While Amazon VPC Lattice can be used in a single Account, the most common use case is the use of the service in multi-account environments. With Amazon VPC Lattice, these are two main resources to be used: the VPC Lattice service network is the logical boundary that connects consumers and producers, and the Amazon VPC Lattice service is the independently deployable unit of software that delivers a task or function (the application). The multi-account model for Amazon VPC Lattice can vary depending your use case, and any model you use can work with the use of this guidance. You can find more information about the different multi-account architecture models in the following reference architecture.

This guidance supposes a centralized model in terms of the DNS resolution, as follows:

  • A central Networking account owns all the DNS configuration, sharing it with the rest of the AWS accounts.
  • The rest of the Spoke accounts consume this DNS configuration shared by the Networking account, so resources can resolve the services’ custom domain names to the Amazon VPC Lattice-generated domain name (the consumer services can know the service they want to consume needs to be done through Amazon VPC Lattice).

The guidance is configured to create the DNS resolution using Route 53 Private Hosted Zones. The automation does not create any private hosted zone, nor its association to the virtual private clouds (VPCs) that need to consume the DNS configuration. For this association, we recommend the use of Route 53 Profiles.

Architecture overview

Below is the Architecture diagram and workflow for the Guidance for VPC Lattice automated DNS configuration on AWS.

Amazon VPC Lattice automated DNS configuration architecture and workflow

Figure 1: Amazon VPC Lattice Automated DNS Configuration - Reference Architecture and Workflow.


(1) When a new spoke Account creates a new VPC Lattice service, an Amazon EventBridge rule checks that a new VPC Lattice service has been created with the proper tag. The EventBridge rule also checks whether a VPC Lattice service has been deleted, from the deletion of such tag.

(2) The event is sent to the Get VPC Lattice service information AWS Step Functions state machine. Depending the action (creation or deletion), the state machine publishes an event to a custom event bus. In addition, for created resources with custom domain names, the state machine obtains the domain name configuration (VPC Lattice-generated domain name, VPC Lattice-managed hosted zone, and custom domain name).

(3) The vpclattice_information custom Event Bus is configured with a target pointing to the cross_account Event Bus in the Networking Account.

(4) Unsuccessfully processed delivery events are stored in the Amazon SQS dead-letter queue (DLQ) in the Spoke Account for monitoring.

(5) The cross_account custom Event Bus in the Networking Account invokes the DNS configuration Step Functions state machine to process the notification send by the Spoke Account.

(6) Unsuccessfully processed delivery events are stored in the DLQ in the Networking Account for monitoring.

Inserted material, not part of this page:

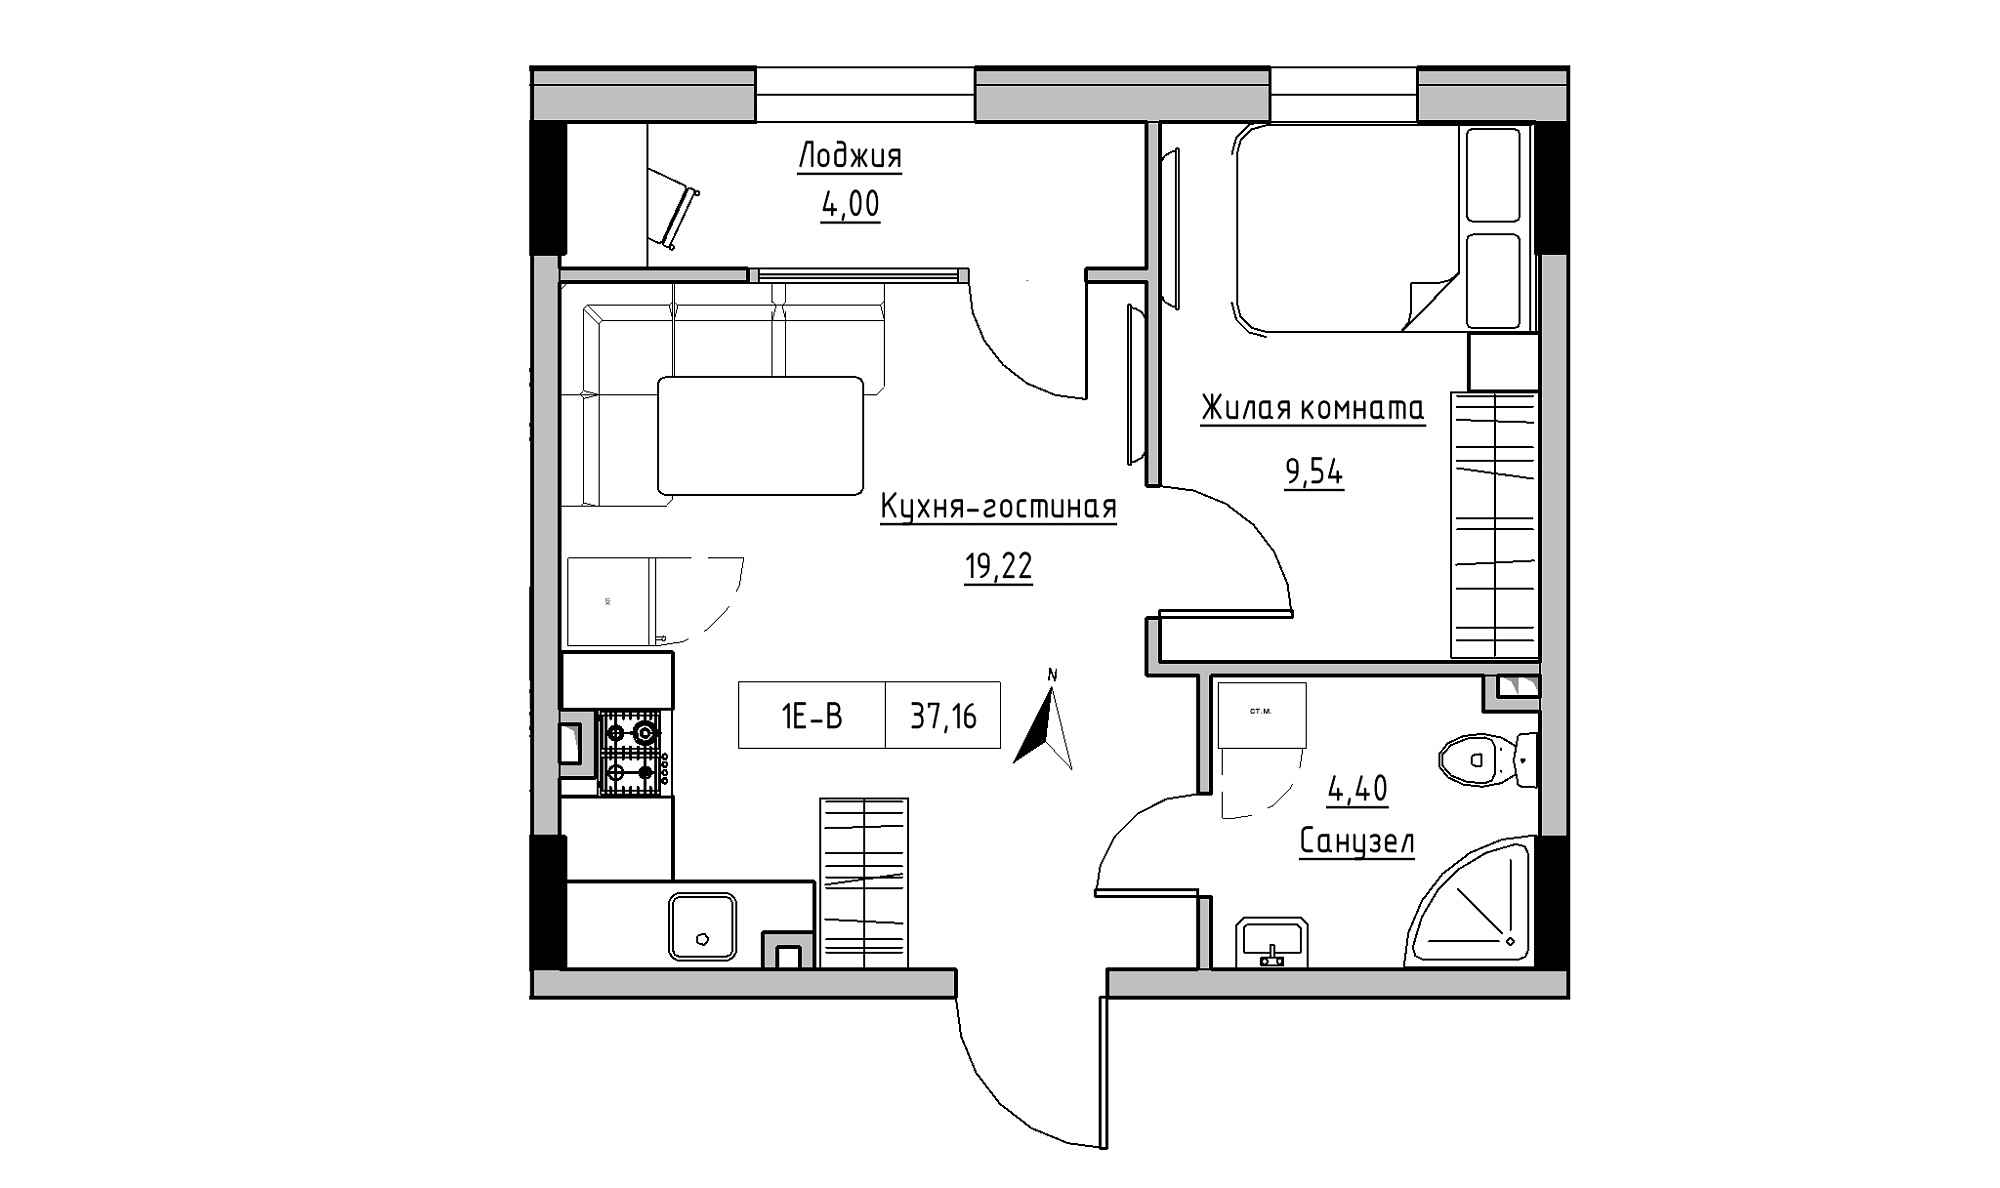 Планировка 1-к квартира площей 37.16м2, KS-025-01/0008.

(7) The DNS configuration state machine will create/delete the corresponding Alias record in the Amazon Route 53 Private Hosted Zone.

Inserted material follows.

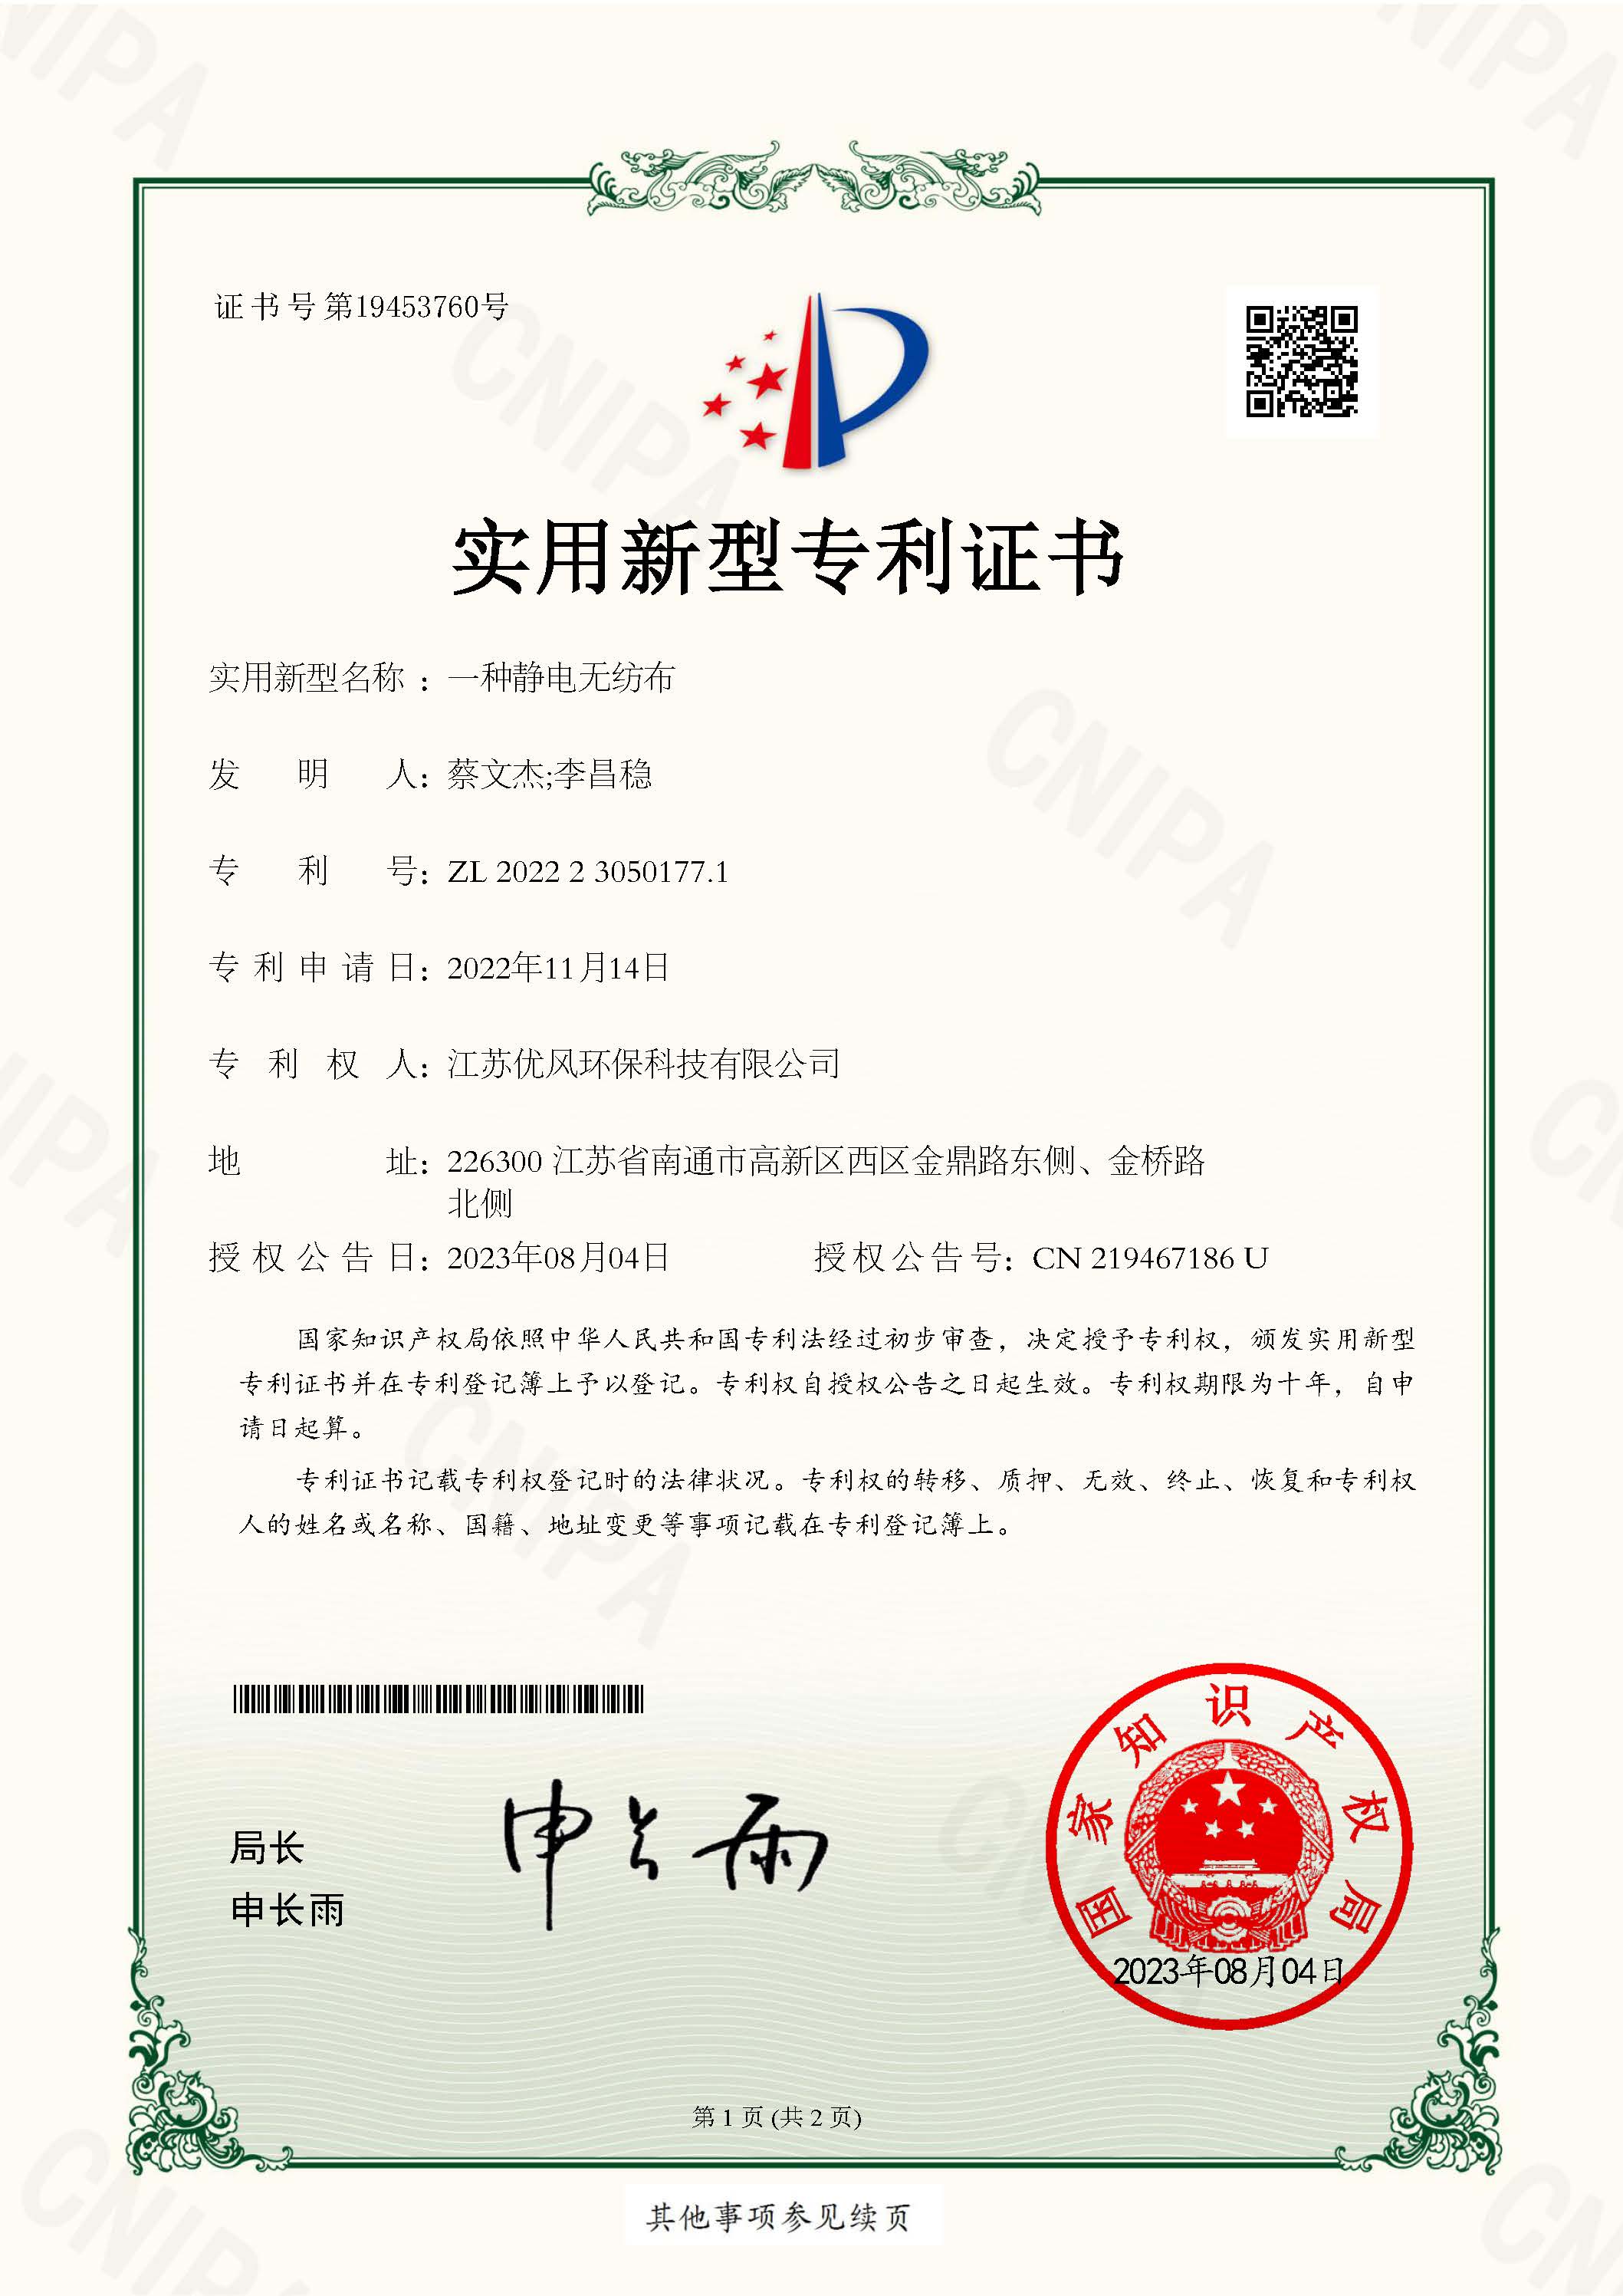 certificado3

(8) AWS Systems Manager and AWS Resource Access Manager (AWS RAM) are used for secure parameter storage and cross-account data sharing.

For an in-depth explanation on how the different resources are configured, please review the guidance technical deep dive section.

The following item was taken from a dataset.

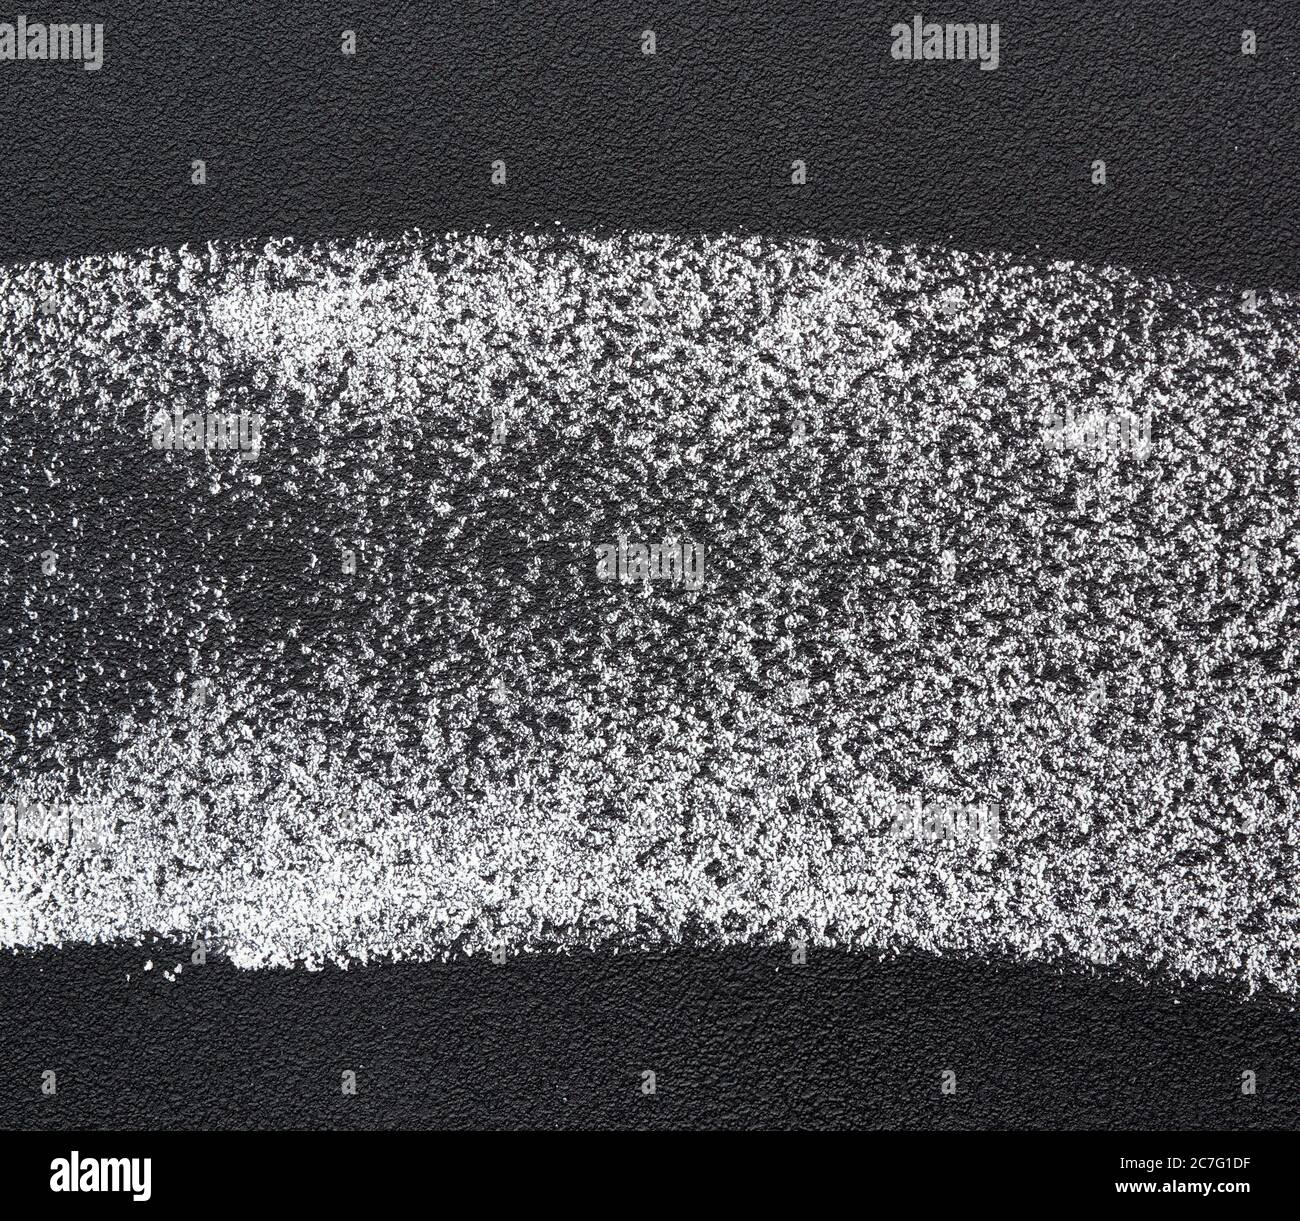 échantillon de craie blanche sur un tableau noir, gros plan Banque D'Images

AWS Services used in this Guidance

AWS serviceRoleDescriptionService Availability
Amazon EventBridgeCore serviceRules and custom event buses are used for notifying and detecting new resources.Documentation
AWS Step FunctionsCore ServiceServerless state machine used for filtering, subscribing and updating information.Documentation
AWS Systems ManagerSupport ServiceUsed to store parameters that will later be shared.Documentation
AWS Resource Access Manager (RAM)Support ServiceUsed to share parameters among accounts.Documentation
Amazon Simple Queue Service (SQS)Support ServiceSimple event information queue, used for cross-account subscription.Documentation

Cost

You are responsible for the cost of the AWS services used while running this solution guidance. As of November 2024, the cost of running this guidance with default settings lies within the Free Tier, except for the use of AWS Systems Manager Advanced Paramter storage.

We recommend creating a budget through AWS Cost Explorer to help manage costs. Prices are subject to change. You can also estimate the cost for your architecture using AWS Pricing Calculator. For full details, refer to the pricing webpage for each AWS service used in this guidance or visit Pricing by AWS Service.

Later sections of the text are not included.